Conformal prediction answers that question without assuming a specific loss distribution. cp.coverage_by_decile() and scr.coverage_validation_table() produce the empirical coverage evidence that a model validation function needs to challenge whether a model's stated confidence levels hold in practice. This is a distribution-free check: if your internal capital model claims its 99.5th percentile bound is £X, you can use historical out-of-sample data to test whether that claim holds — and document the result for your SS1/23 model validation pack. We are not claiming this replaces the statistical framework required for Solvency II internal model approval; it is one empirical validation tool among several.

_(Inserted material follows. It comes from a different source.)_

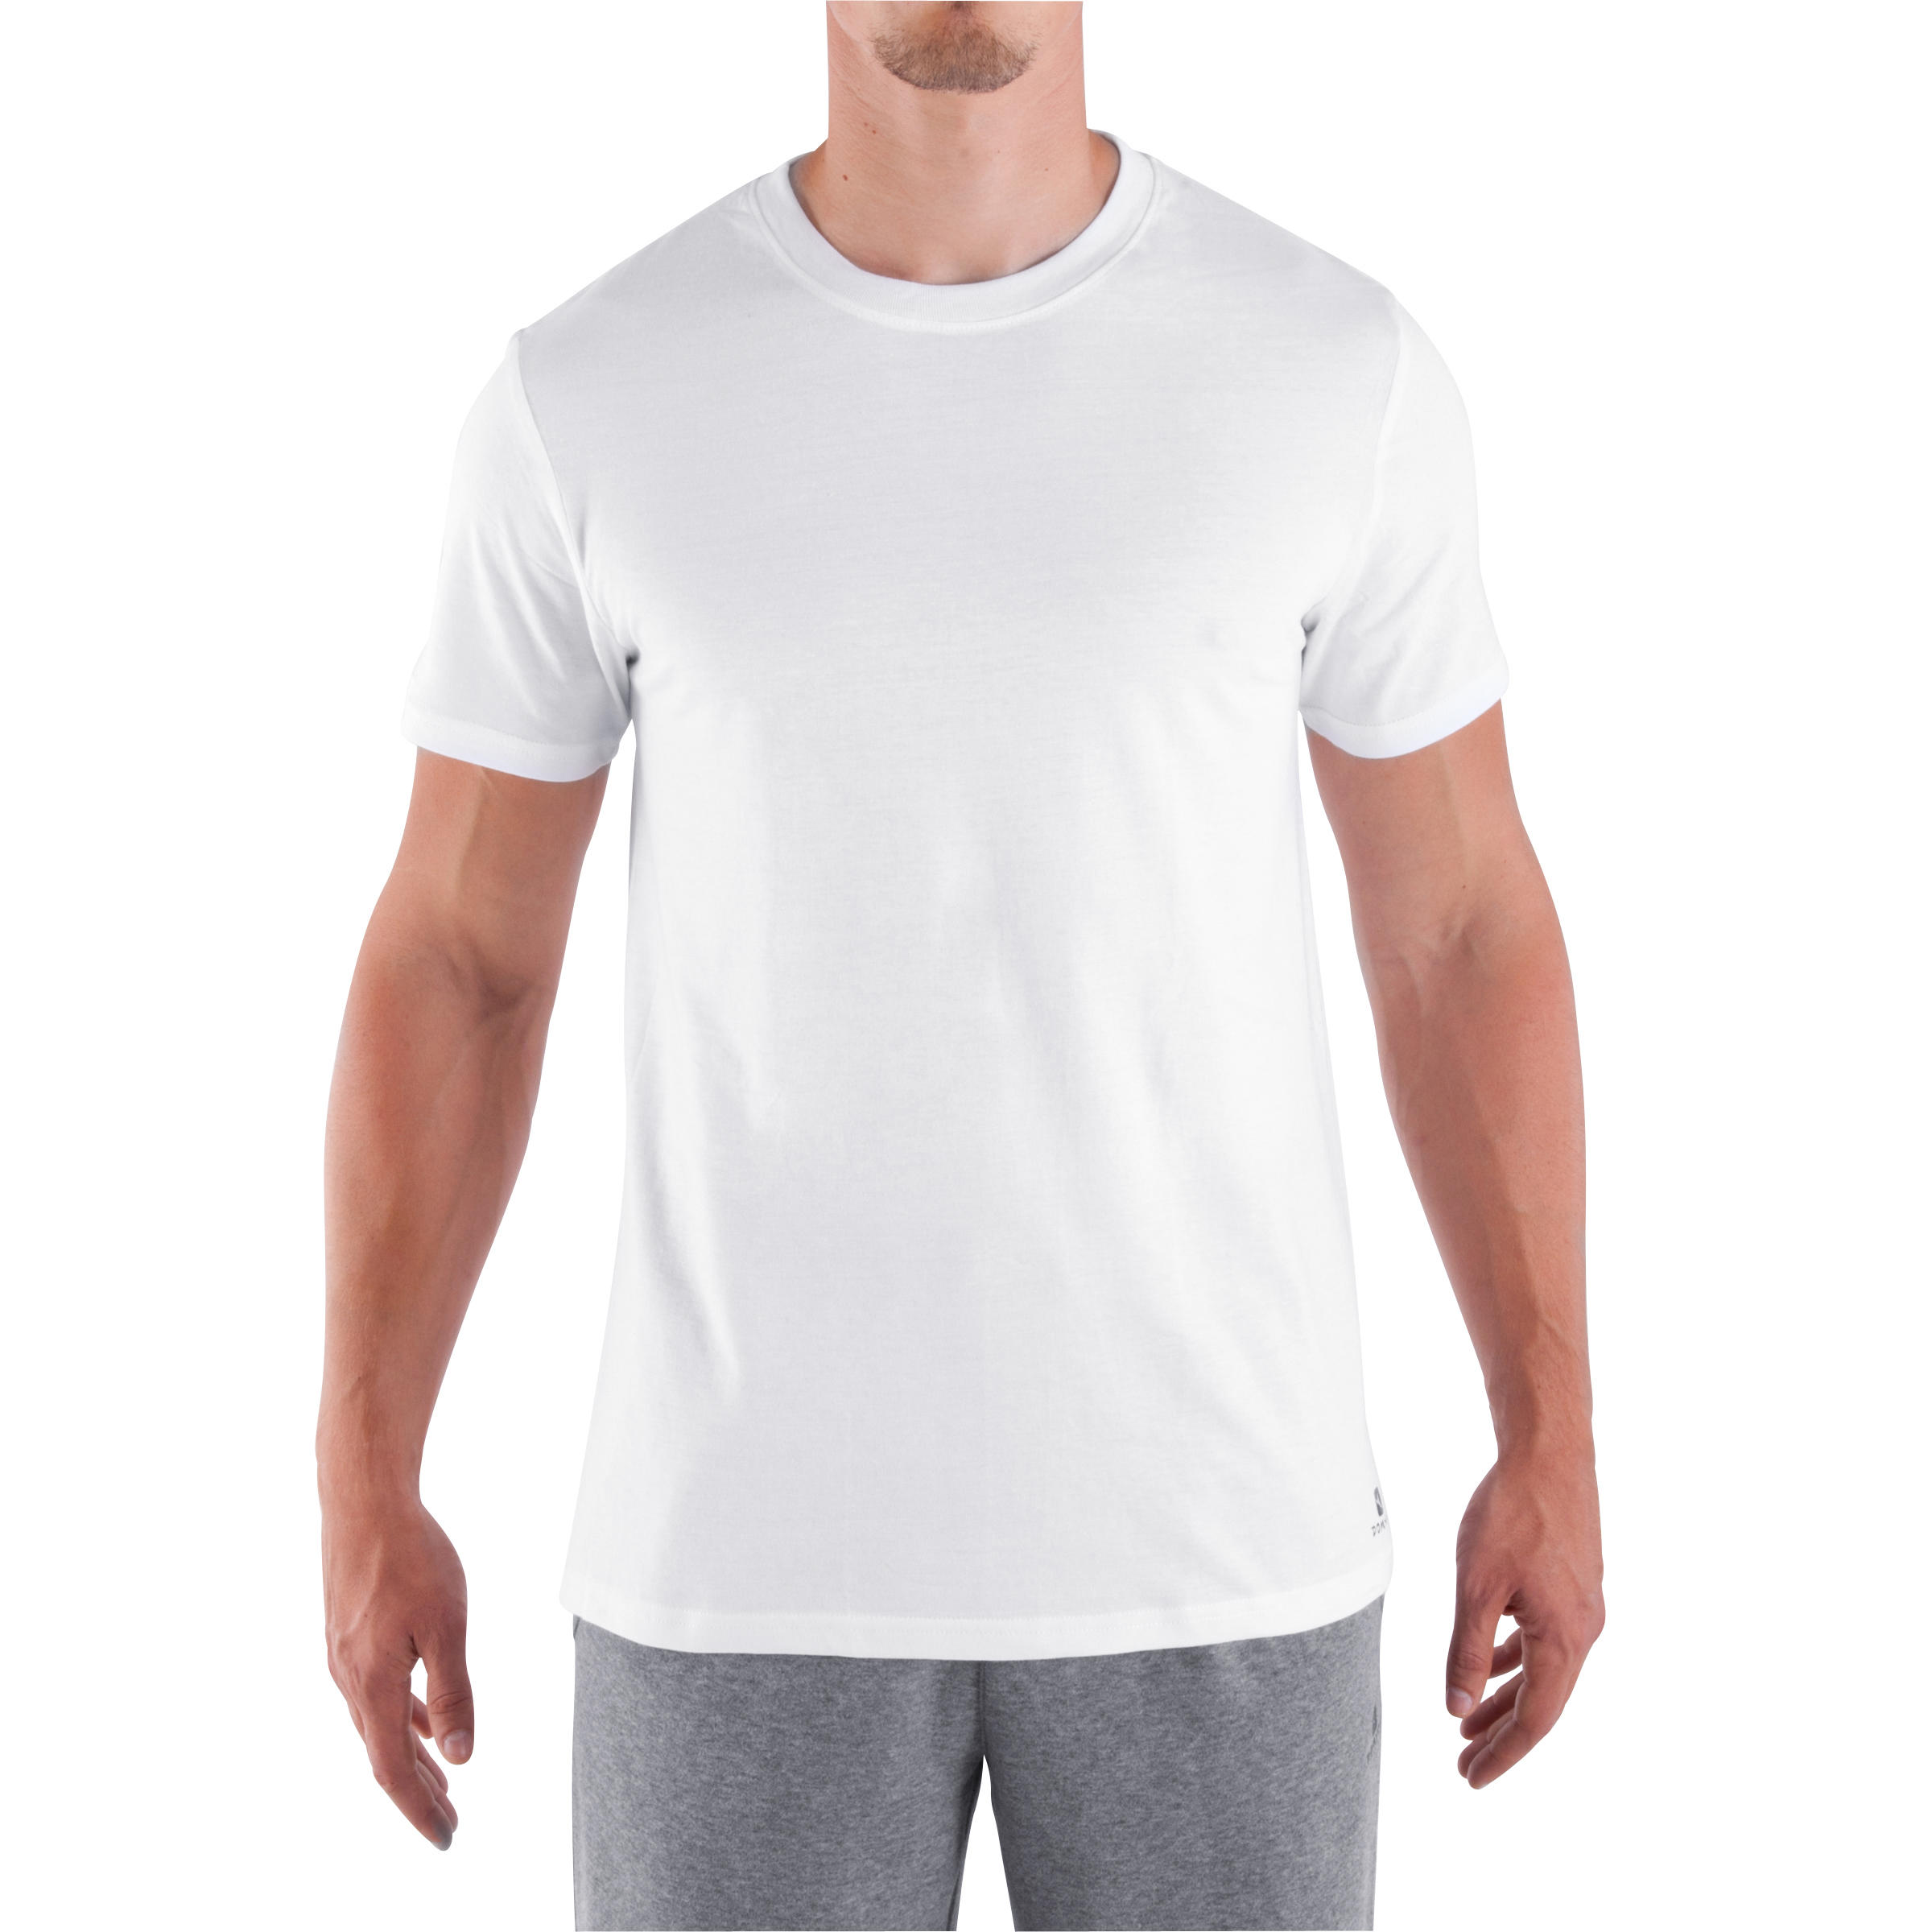 decathlon t-shirts

RetroAdj: Online Conformal with Retrospective Adjustment

Standard conformal prediction with a static calibration set handles exchangeable data well, but insurance books are not static. Mid-year claims inflation (UK motor: +30% in 2021-2022), Ogden rate changes, and CAT events all create abrupt distributional shifts. ACI (Adaptive Conformal Inference) adapts by nudging the miscoverage level alpha_t one step at a time. At the default gamma=0.005, ACI needs O(1/gamma) = 200 steps to fully reprice — about 17 years of monthly data. That is not adaptation; it is drift.

RetroAdj (Jun & Ohn 2025, arXiv:2511.04275) fixes this by retroactively correcting all leave-one-out residuals in the active window simultaneously at each step. The correction uses rank-one updates to the inverse kernel matrix Q = (K + lambda*I)^{-1}, so no additional model fitting is required. After an abrupt shift, the jackknife+ interval responds within 1-3 steps.

Hard constraint: The base model must be kernel ridge regression (KRR) or another self-stable linear smoother. GLMs and GBMs do not qualify. For pricing teams with an existing model, use residual-only mode.

Basic usage (KRR base model)

from insurance_conformal import RetroAdj

# Features should be pre-standardised
model = RetroAdj(
    bandwidth=1.0,      # RBF kernel bandwidth
    lambda_reg=0.1,     # KRR regularisation
    window_size=250,    # sliding window length (paper default)
    gamma=0.005,        # ACI step size
    alpha_update="aci", # 'aci' or 'sfogd'
)
model.fit(y_train, X_train)
lower, upper = model.predict_interval(y_test, X_test, alpha=0.10)

Residual-only mode (for GLM/GBM residuals)

When you have a pre-fitted external model, pass residuals instead:

resid_train = y_train - glm.predict(X_train)
resid_test  = y_test  - glm.predict(X_test)

model = RetroAdj(window_size=250)
model.fit(resid_train)  # X=None: kernel degenerates to ridge-mean
lower_r, upper_r = model.predict_interval(resid_test, alpha=0.10)

# Shift back to original scale
lower_claims = lower_r + glm.predict(X_test)
upper_claims = upper_r + glm.predict(X_test)

With X=None the kernel degenerates (K = ones-matrix + lambda*I) so KRR reduces to a ridge-regularised mean. This retains the jackknife+ interval and improved alpha tracking but is an approximation of the full method. Alternatively, use X = np.arange(len(y)).reshape(-1, 1) as a time index to let KRR fit a smooth trend.

Alpha update options

Mode	When to use
`alpha_update="aci"`	Default. Fixed step size gamma. Fast response to abrupt shifts.
`alpha_update="sfogd"`	AdaGrad-style (Algorithm 5 of Jun & Ohn). Better for slowly-varying shifts. Step size scales down as gradients accumulate.

Numerical stability

After many rank-one updates, Q can lose symmetry or positive definiteness due to floating-point accumulation. RetroAdj handles this with:

Symmetry enforcement: Q = (Q + Q.T) / 2 after every update.
Periodic reset: Full recomputation of Q from scratch every reset_freq steps (default 500). O(w^3) per reset — for w=250 that is ~15M flops, negligible.
Instability detection: If the rank-one update denominator goes non-positive (impossible in exact arithmetic), the method resets Q for that step and continues.

Key parameters

Parameter	Default	Notes
`bandwidth`	1.0	RBF bandwidth. Pre-standardise features or tune this.
`lambda_reg`	0.1	KRR regularisation. Larger = smoother, more biased.
`window_size`	250	Sliding window length. Paper default.
`gamma`	0.005	ACI/SFOGD step size.
`alpha_update`	`"aci"`	`"aci"` or `"sfogd"`.
`symmetric`	`False`	If True, use \|R_loo\| for symmetric intervals. Signed residuals (default) give asymmetric intervals more appropriate for right-skewed claims.
`reset_freq`	500	Steps between full Q recomputation.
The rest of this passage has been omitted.